# Country Style Ribs



## redneck69 (Apr 23, 2012)

it was a very nice day out yesterday and decided to do some ribs on the off set while i was doing some yard work.

1 pack csr's

fat boys general purpose rub

sweet baby rays BBQ sauce

pecan wood (found some in TX when i was there early this month)

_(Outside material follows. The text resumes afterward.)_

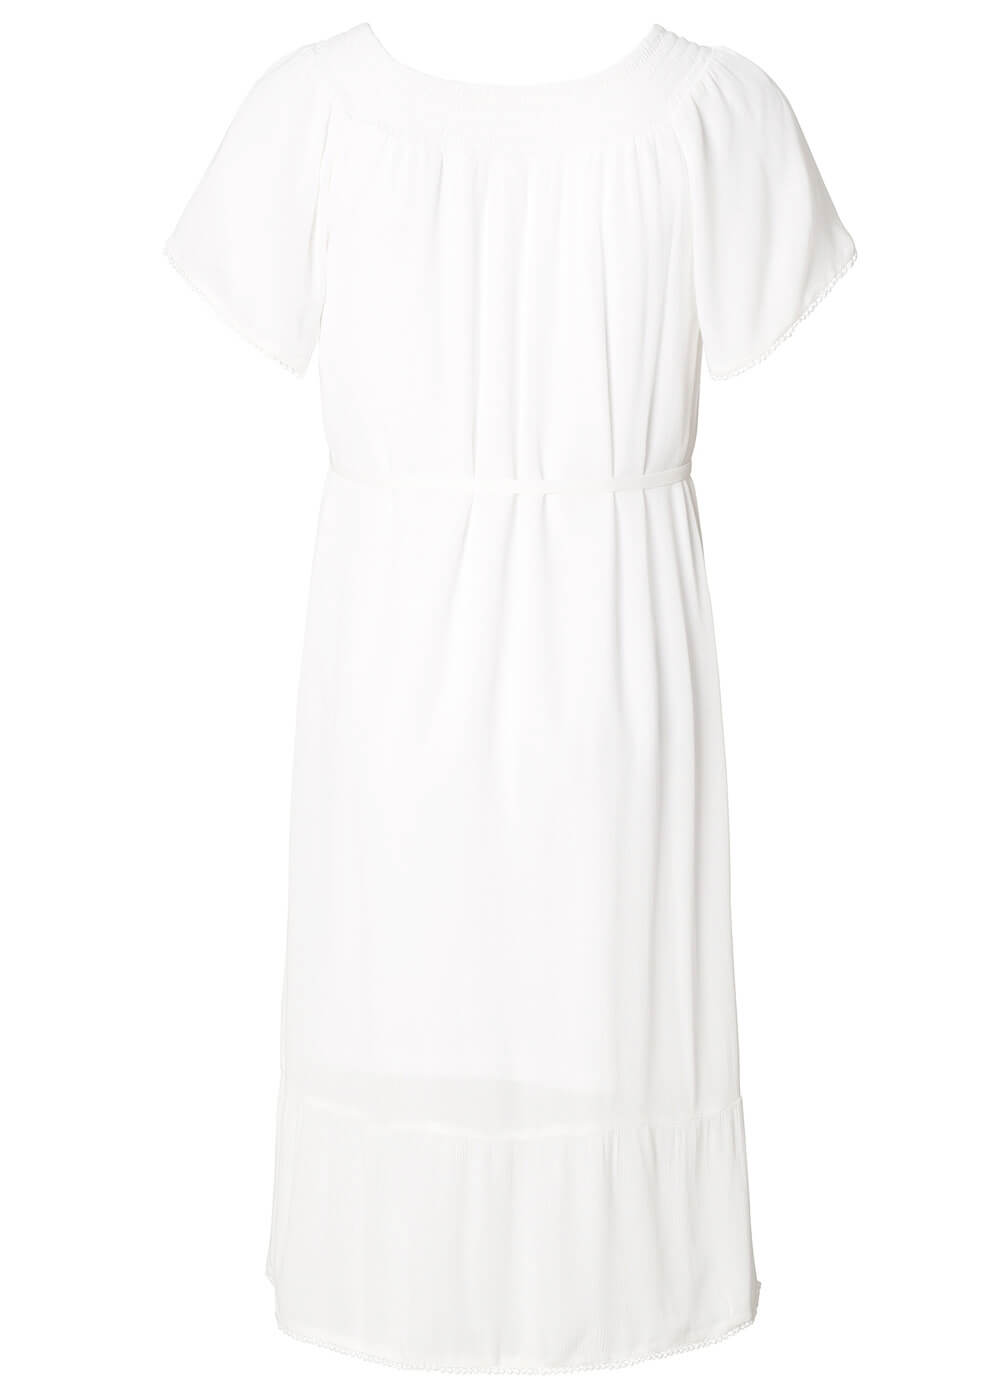 Summer Maternity Boho Dress in White by Esprit

got the smoker up and rolling at 225 and tossed the dry rubbed ribs on and a couple of chicken breasts with some beer can rub on them

heat stayed between 205 and 240 while i was doing some yard work

left the ribs on for about 2 1/2 hours, than i wrapped them in some foil with sweet baby rays sauce for another hour




















nice smoke ring, with some great flavor...i'll be doing these again in the future.

thanx for looking


----------



## smokinhusker (Apr 23, 2012)

Those look great! Nice job!


----------



## eman (Apr 23, 2012)

Ok i'm hungry AGAIN.


----------



## scarbelly (Apr 23, 2012)

Those look really good


----------



## sumosmoke (Apr 23, 2012)

Always wanted to try country ribs ... yum ...


----------



## duck of death (Apr 23, 2012)

Yummy


----------



## harleysmoker (Apr 23, 2012)

Looks good! I always see country ribs at grocery on sale cheap, I will have to try them now!


----------



## rtbbq2 (Apr 24, 2012)

Looks awesome. Nicely done...


----------



## jp61 (Apr 24, 2012)

Haven't smoked any country style ribs *yet*, don't think I've ever ate any either but, those ribs look really good. Job well done!


----------



## redneck69 (Apr 24, 2012)

thank you everyone!


----------



## soslow (Apr 24, 2012)

They look great, Makes me hungry!

You put sauce on and then wrapped with foil I have never tried this will give it a go.

look good


----------



## gersus (Apr 24, 2012)

Man that looks great!


----------



## bamajon (Apr 25, 2012)

Wow looks great. I've never tried doing country style ribs on the smoker. Grilled em plenty of times. They look good and juicy.


----------



## mixer60 (Apr 26, 2012)

Those look Yummy!!!


----------



## philh (Apr 26, 2012)

Those look mighty tasty.. Going to have to do some..

Thanks for the pics..


----------



## ellisair (Apr 27, 2012)

Delicious!

Great job!


----------



## chubbabubba (Apr 27, 2012)

Man, I'm loving smoked ribs but those country style ribs are looking good to. I may have to try them someday. Thanks for share, look delish!


----------



## venture (Apr 28, 2012)

Great looking CSR's!

Good luck and good smoking.


----------



## mkfan 17 (Apr 29, 2012)

Looks awesome!!  Just did some myself last week!!  One of my fav's because they are so darn cheap!!!!!   Going to have to have a replay soon after seeing your post!


----------



## bryantom (Aug 11, 2012)

Looks great, did you change the temp after wrapping them in the foil??


----------



## redneck69 (Aug 13, 2012)

Bryantom said:


> Looks great, did you change the temp after wrapping them in the foil??


i left the chamber temp alone


----------